Allez, je sacrifie à cet affreuse analogie, dans ma réponse à Olyvier, sur le blog d'EdgarEP. En réponse à mon baratin précédent, Olyvier écrit :

"Vous n'analysez pas ... l'aspect "construction" de la chose européenne et que certains qualifient de téléologie (tout traité est toujours meilleur, tout élargissement prometteur, tout approfondissement salvateur) ... ?" Olyvier pense "que ce prochain étage qui rendra la maison confortable est une perspective qui interdit un jugement politique et citoyen sur ce qui est fait."

Je suis 100% d'accord.

Faut-il le rappeler ? il y avait un seul "parti de gouvernement" en France opposé au traité de Nice : l'UDF.

C'est parfois pour moi un sujet d'étonnement, que le militantisme "pour toujours plus" ou "pour toujours moins" d'Europe.

Non, "+ de niveau européen" n'est pas un bien en soi, mais au contraire un mal en soi.

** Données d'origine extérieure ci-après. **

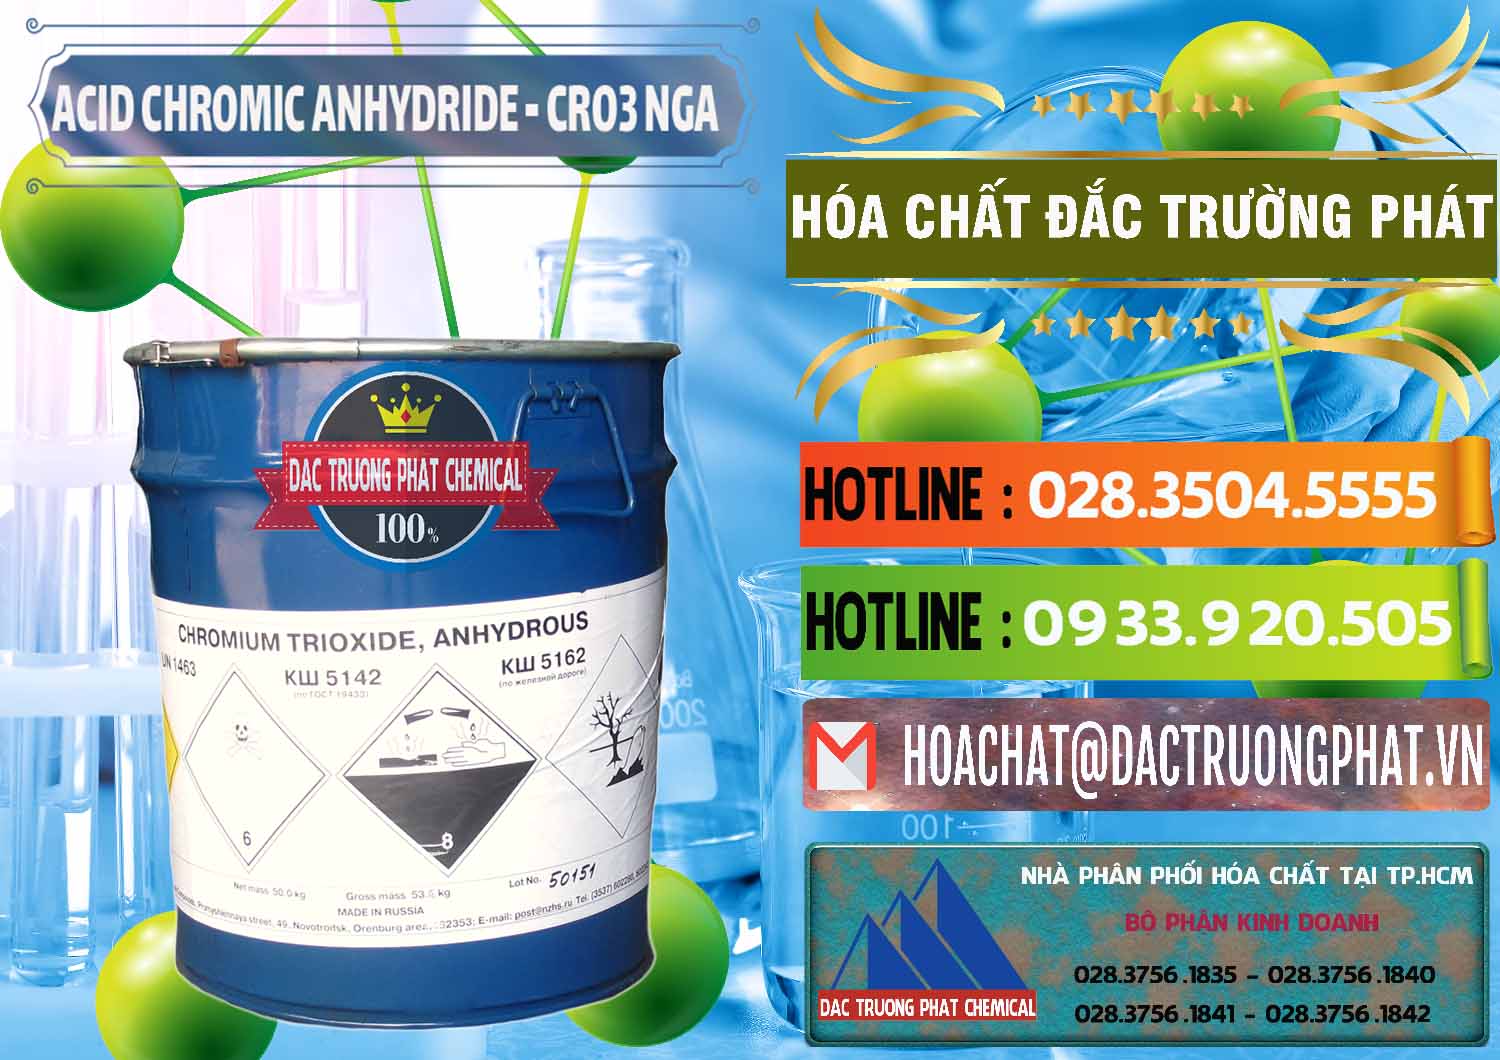 Nơi chuyên phân phối & bán Acid Chromic Anhydride - Cromic CRO3 Nga Russia - 0006 - Nơi chuyên phân phối _ nhập khẩu hóa chất tại TP.HCM - cungcaphoachat.com.vn

Dire cela, c'est croire au "principe de subsidiarité" (devenu une scie du discours européen, mais porté depuis environ un siècle, dans l'indifférence générale, par les démocrates-chrétiens, une des origines de l'actuel MoDem).

On ne doit prendre les décisions à une échelle plus vaste, que quand on s'accorde à y voir une "valeur ajoutée" suffisante. Par exemple, pour faciliter les échanges économiques entre pays, ou les échanges d'étudiants, ou les voyages, ou pour lutter contre le dumping fiscal et les paradis fiscaux, ou pour lancer des missions spatiales, le niveau européen me semble être le seul potentiellement efficace.

Je crois aussi qu'il peut être très efficace pour améliorer notre autonomie énergétique, et notre résilience aux crises d'approvisionnement en carburants et matières premières.

En revanche, j'ai les plus grands doutes (ça n'engage que moi) sur la valeur ajoutée de la PAC (agriculture), de la PCRD (R&D), ou du fonctionnement par projets des "Fonds structurels" (politique d'appui aux régions moins développées), ainsi que du Fonds européen de développement (aide aux pays pauvres).

Alors comment se fait-il que ces quatre politiques représentent le (très) gros du budget européen ? Il me semble que ça s'explique par le changement du monde.

Dans un monde en voie d'industrialisation, où la productivité et la concentration du capital étaient des facteurs majeurs de succès, la PAC et la PCRD, de même que l'instauration du "marché unique" (de 1992), étaient, j'imagine, de très bonnes politiques. (Pour le FED c'est une autre raison : permettre que l'aide aux pays pauvres échappe aux logiques post-coloniales, très fortes dans les années 60-70).

Dans la société post-industrielle, et à mon avis post-informationnelle, les deux ressources-clé sont maintenant la créativité (ou plus justement la capacité à utiliser la connaissance) et le territoire physique (la planète) : je crois que ces quatre politiques seraient désormais gérées plus efficacement au niveau national ou, pour certaines, plus local.

Il faut donc, je crois, des changements profonds dans l'Union européenne. Le projet de Constitution en amorçait quelques-uns, mais ce n'était, de mon point de vue, qu'une amélioration modeste. Il y a encore beaucoup de chemin à faire pour que l'Europe (re?)devienne un niveau de décision efficace. Je suis prêt à parier que les citoyens sont en avance sur les États, ceux-ci noyés dans la routine, dans l'héritage des politiques du passé, des mécaniques instaurées par les traités.

Mais si la mécanique est rouillée, si le logiciel est obsolète (pour le coup, la comparaison me semble valable), je n'en déduirai certainement pas que le besoin d'une Europe unie, solidaire et efficace, a disparu. Je crois au contraire qu'on a besoin d'une "nouvelle version majeure" de ce "logiciel" européen.